「一応、大臣らの意見も聞いてみよう」
「えぇ、それが宜しいでしょう。…それと、最後に一つだけ申し上げても宜しいでしょうか?」
「何だ?」
引き続き敬語で話すファンを見て、『まだ何かあるのか』とリードは深いため息をついた。
「職務を怠ったメイドへの処罰はいかがなさいましょう?」
「今回、一部の使用人は薬で眠らされていたらしいな」
「えぇ。一階に勤める者達は皆、気絶させられておりました。商談を破談された恨みで、本当は違う事を企んでいたのかと思われます」
「何故、付き人もつけずに一人あの場に居たのかは不思議だが、今回は処罰をしなくて良い」
「……宜しいのですか?」
普通なら厳罰を下されるのに、珍しく何もなさらない姿を見てファンは不思議そうに首を傾げた。

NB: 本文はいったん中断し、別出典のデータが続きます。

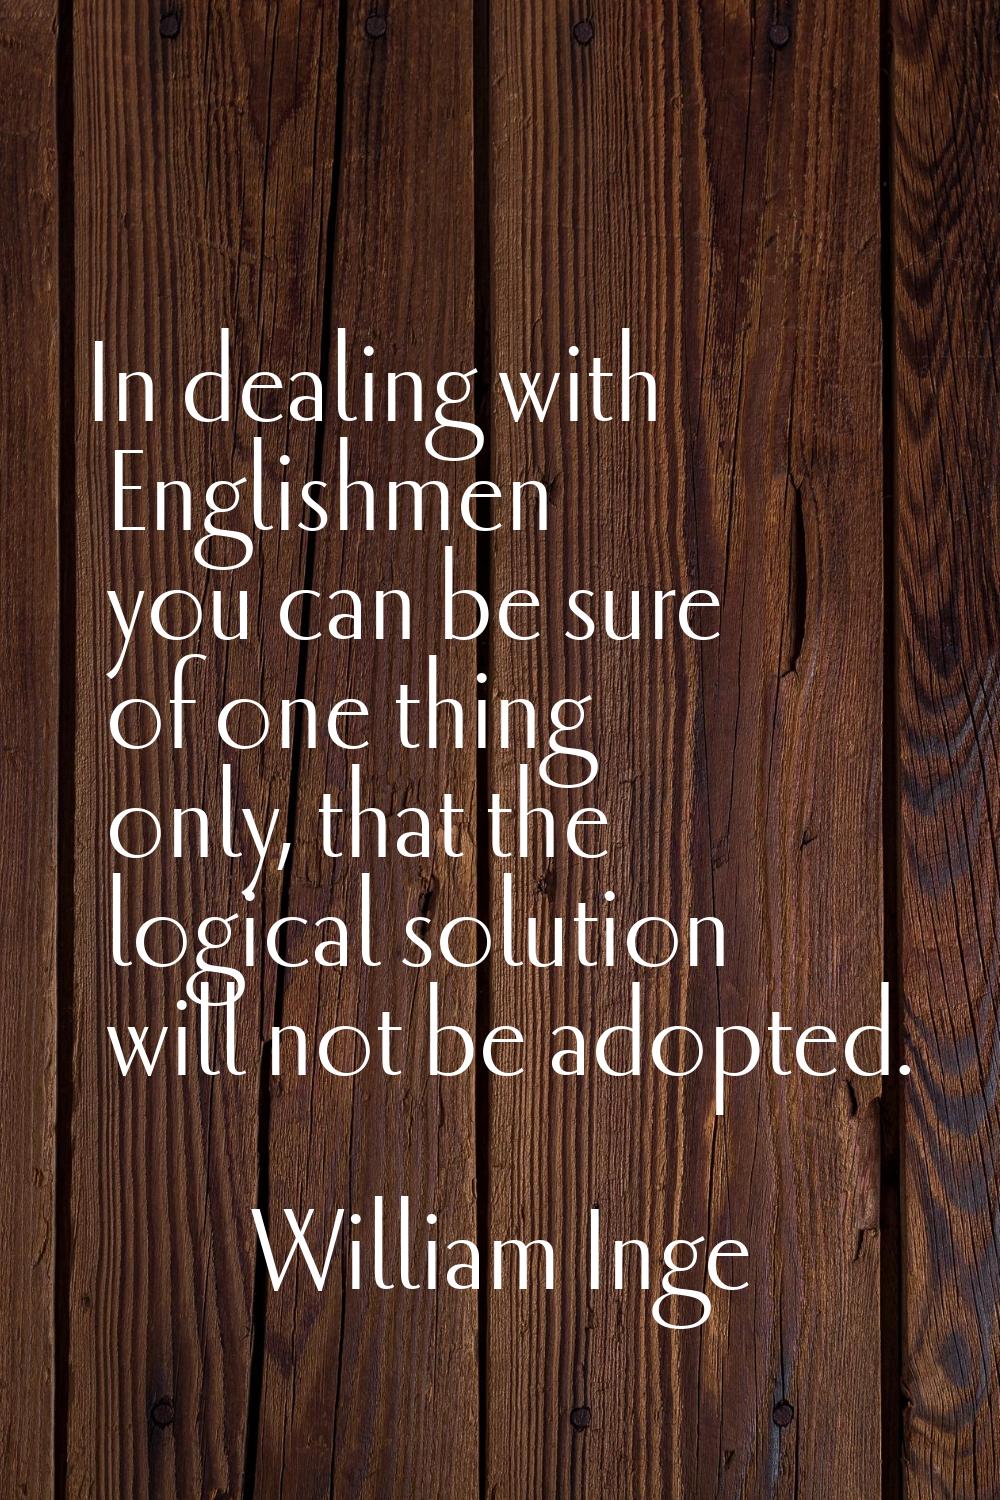 In dealing with Englishmen you can be sure of one thing only, that the logical solution will not be

「気絶させられていたのなら仕方あるまい。それよりも、今後このような事が起きぬ様、兵士や騎士達には一層気を引き締めるように伝えておけ。もし同じ事が起きようならば……その時は罰を与える」
「かしこまりました」
言葉を受けたファンはリードに軽く頭を下げると、『自白を綴った報告書類を置いておきますので、時間がある時に目を通しておいて下さい』と言い残して執務室を後にした。